The Road to 2020 - American Elections and certainly we didn't shut down the economy in 2016 when 80,000 Americans died of the flu (official CDC number). — fishfry
This is first of all incorrect:
https://www.cdc.gov/flu/about/burden/2016-2017.html
28,000 to 61,000 is the right number.
Second, the two diseases are nowhere near comparable. First of all, most people have some resistance to the flu for being exposed to it before, meaning it's less contagious as not everyone will infect another person. For CV in principle any person is capable of infecting another if you don't take precautions. The spread for CV is therefore much faster.

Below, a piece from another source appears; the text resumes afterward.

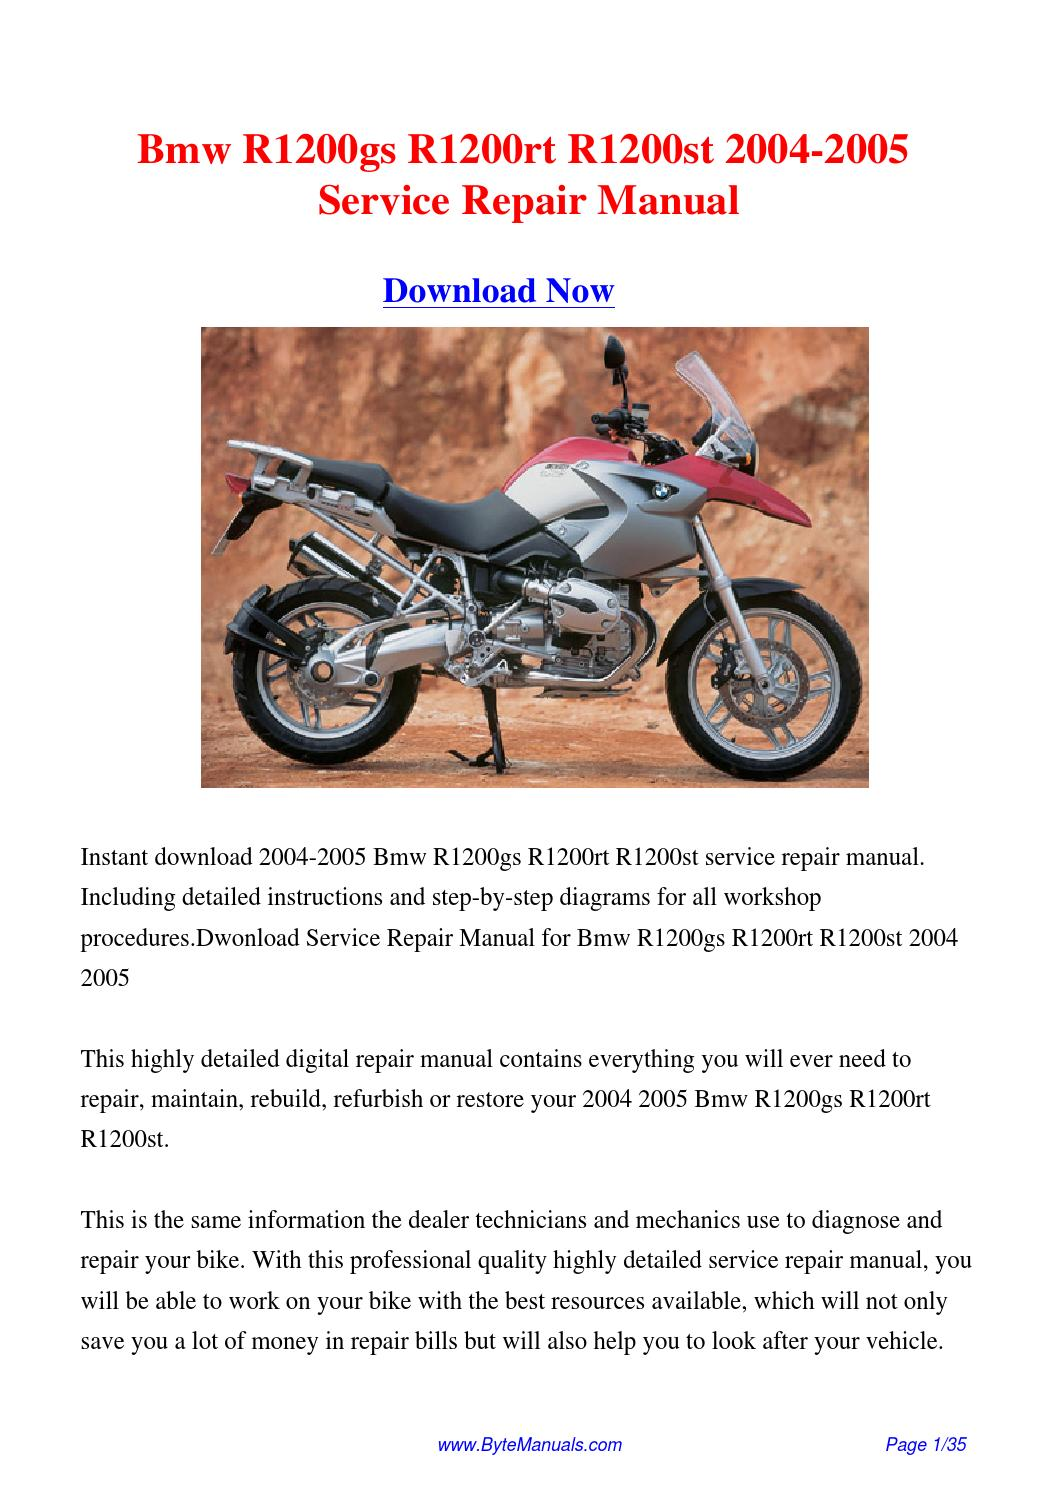 Bmw r1200rt radio manual pdf

Third, the latest estimate for CV death rate = .66% compared to the .1% for the flu. Doing nothing would mean it would infect about 50-60% of US citizens much less than for the flu because a lot of people have (partial) resistance to the latter (e.g. only 10% is symptomatic, so possibly 20% at the most). The CV death rate would mean 1,079,100 to 1,294,920 deaths on a 327 million population for the US.
And that's still excluding the effects of deaths due to the unavailability of health care resource not directly related to CV.
80,000 is therefore entirely manageable, especially spread out over the entire flu season and the entirity of the USA, where CV is currently still more or less limited to a couple of epicenters. CV is not manageable unless you include social distancing and wait for a cure.